While managing all of these things, you’ll also need to frequently send your gang members out on the game’s XCOM-styled tactical missions. In these, you’ll select three or four of your best mobsters, equip them with your best weapons and send them into one of the game’s tiny pool of levels to beat up everyone they can find. These levels play out about as you’d expect for a game that hardly tries to hide its inspirations: you position your gangsters around the enemy’s biggest DPS dealer in the game’s gridlike levels, start the fight, use up your two attack moves, end your turn and let the enemy punch you back. Then you do the same thing again and again until all of the enemies are dead, move your units to an extraction point and return them to base.
Although none of this is particularly bad, these levels simply fail to provide the amount of enjoyment that many other turn-based strategy games can give you. Once you position your units, almost every level in the game ends up devolving into an all-out brawl where nothing besides each side’s damage outputs and amounts of health matters. Company of Crime doesn’t make the critical mistake of having baddies with stunlock AOE attacks, but there’s still so little strategy involved that there’s little satisfaction to be had when you succeed in a fight.
This sentiment extends to the game’s grand strategy section, too. Nothing in the game’s empire building element is game ruining, but none of it is very much fun either. Doing almost anything in the overhead menus — from purchasing guns to letting your units rest after a battle— takes upwards of a week of in-game time. This means that a ton of playtime is spent simply waiting, so when you finally accomplish something on the game’s map, it’s almost an annoyance because it means you’ll need to look away from your phone for a few minutes.
Fortunately, waiting around does allow you to enjoy the game’s fantastic art and sound design. Instead of opting for a much more serious set of graphics, Company of Crime has visuals that are simply fun to look at. They’re not quite as silly as Borderlands’ cell-shading, but they’re cartoony enough to make even the game’s map fun to stare at in between missions. The music, too, is about what you’d expect from a game that’s set in 1960s London. It doesn’t quite manage to save the game from mediocrity, but it’s upbeat and enjoyable enough that you probably find yourself wanting to listen to it on Spotify.

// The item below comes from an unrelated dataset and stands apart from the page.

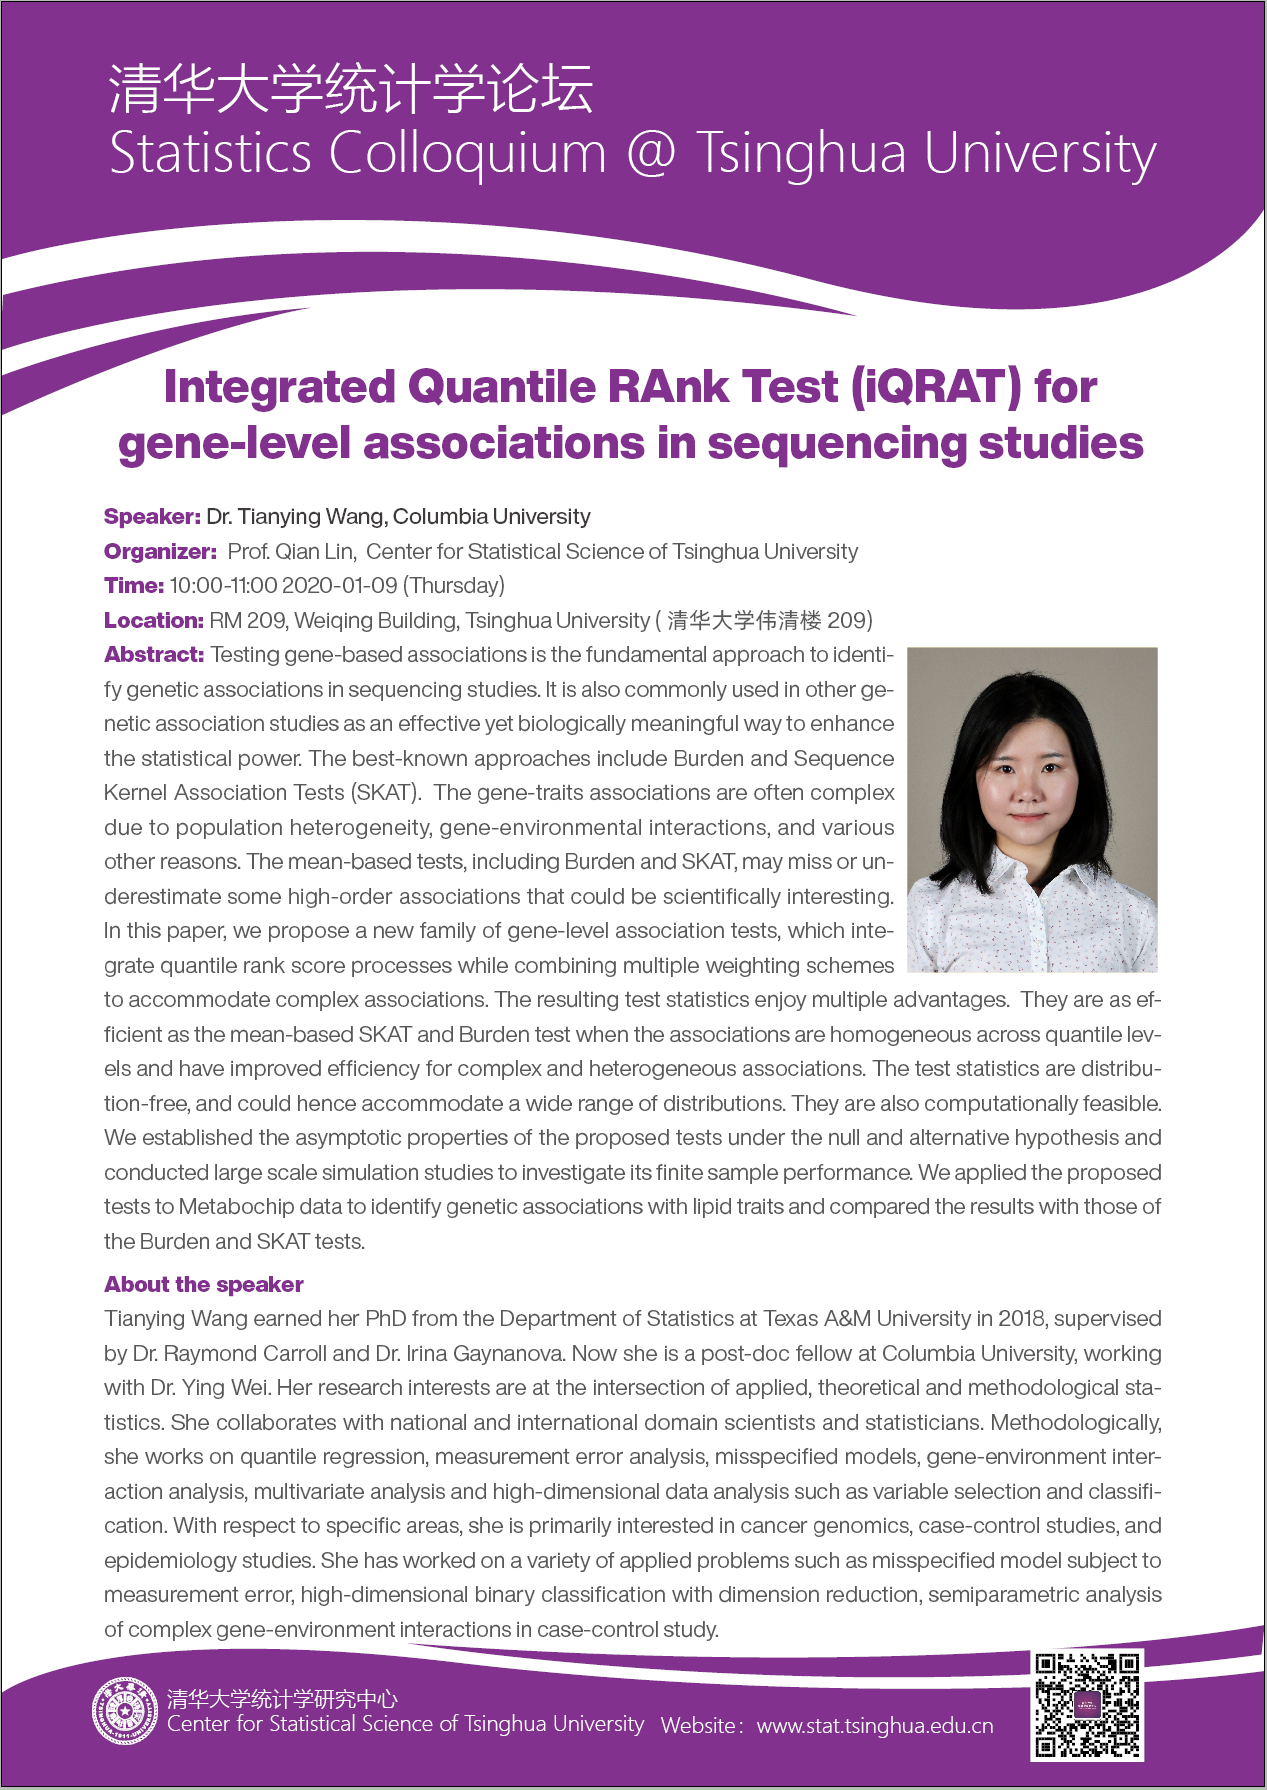 【统计学论坛】Integrated Quantile RAnk Test (iQRAT) for gene-level associations in sequencing studies

The art and music do a great job of complimenting the overall not-too-serious tone of the game’s story, too. The story is pretty cliche, it follows a no-name bum who slowly comes to take control of all of London with all of the expected twists and turns that involves. However, it does so with such Britishness that it’s hard not to enjoy its camp. Enemies frequently shout out lines about the bobbies or tea, your main villains are stupidly dumb but fun archetypes of the 1960s and there’s a pint on every bar table and a red phone booth on every corner. It’s not quite as much fun as Monty Python, but it’s hard not to enjoy almost every bit of the game’s writing if you’re a fan of anything British.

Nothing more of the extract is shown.